This is one of a set of several problems in my book I am having difficulty not just solving, but also understanding the provided solutions.
The given answer is $462 - 336 + 15 = 141.$
I'll try and see where the terms of the equality above come from.
$[6] = \{1, 2, 3, 4, 5, 6\}.$
The number of all multisets of size six sourced out of $[6]$ is $\binom{6 + 6 -1}{6} = \binom{11}{6} = 462,$ so that's where the first term of $462 - 336 + 15$ come from.

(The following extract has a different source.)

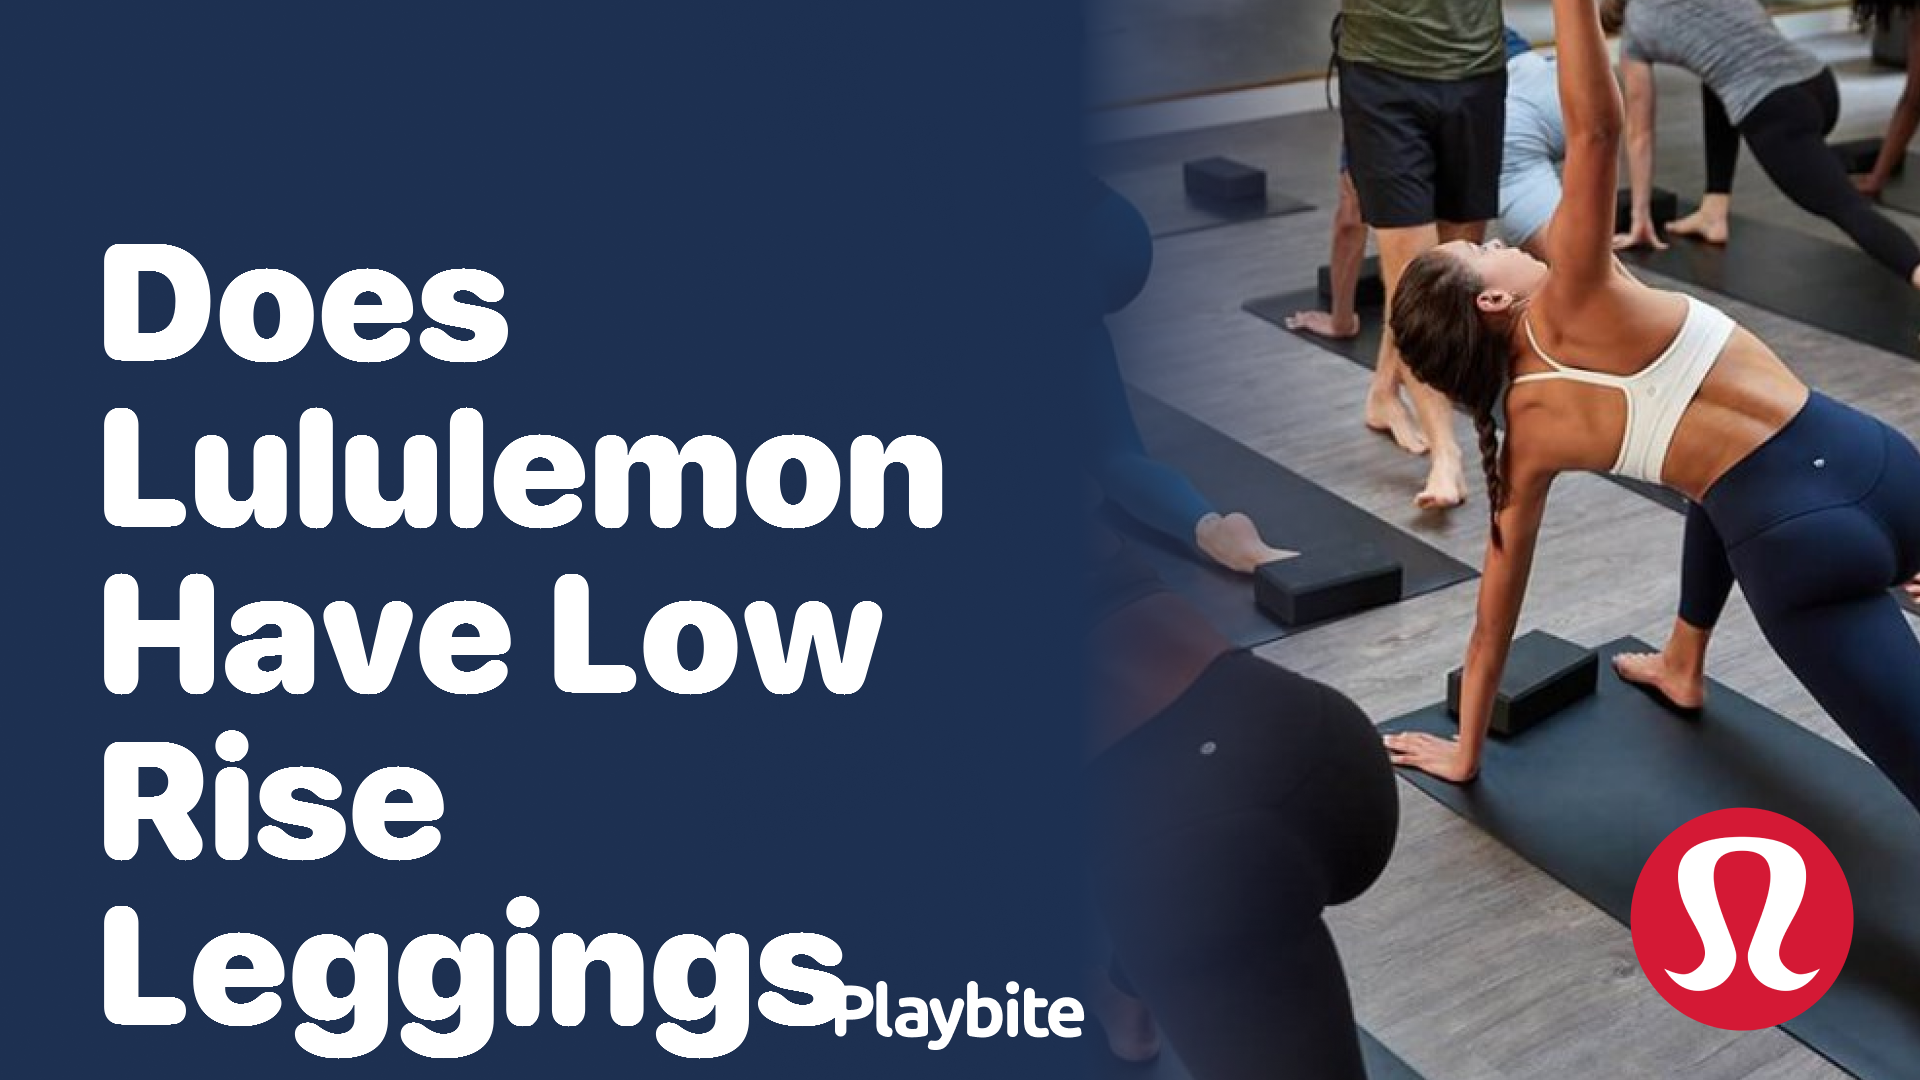 Does Lululemon Have Low Rise Leggings? - Playbite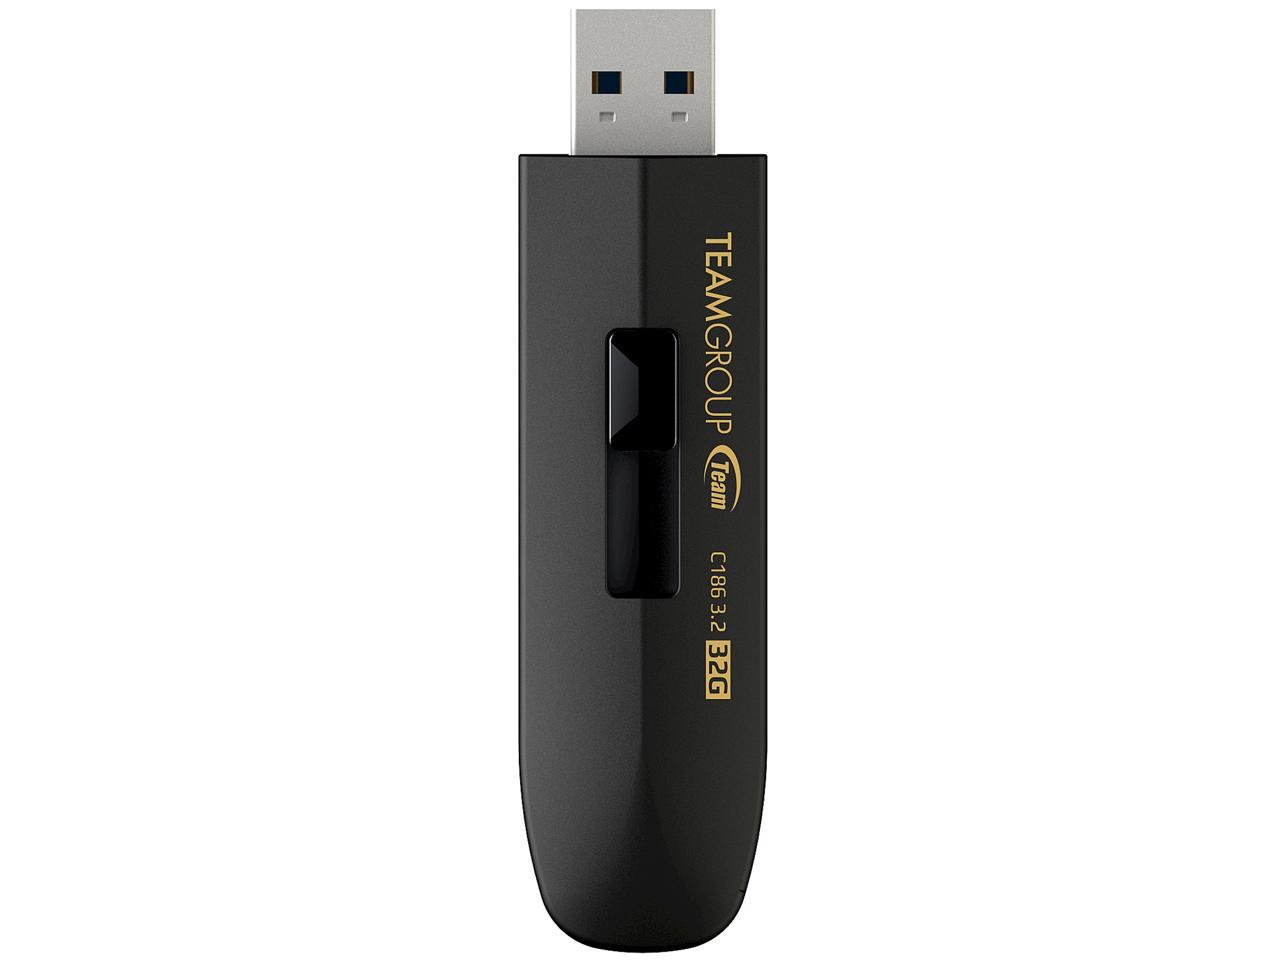 2X 32GB Slide-out Design USB 3.0 Flash Drive Memory Stick Thumb Storage US Stock

All the multisets of size six where each one contains a digit that occurs at least three times can be rewritten in their type form like so: $$(3, 3), (3, 2, 1), (3, 1, 1, 1), (4, 2), (4, 1, 1), (5, 1), (6)$$
Then,
$|(3, 3)| + |(3, 2, 1)| + |(3, 1, 1, 1)| + |(4, 2)| + |(4, 1, 1)| + |(5, 1)| + |(6)| \\ = (6 \cdot 5) + (6 \cdot 5 \cdot 4) + (6 \cdot \binom 53) + (6 \cdot 5) + (6 \cdot \binom 52) + (6 \cdot 5) + 6 \\ = 30 + 120 + 60 + 30 + 60 + 30 + 6 \\ = 336.$
So that's where the second term of $462 - 336 + 15$ must come from.
I am not clear on where $15$ in $462 - 336 + 15$ come from. So, that's what I'd like to know. Thanks.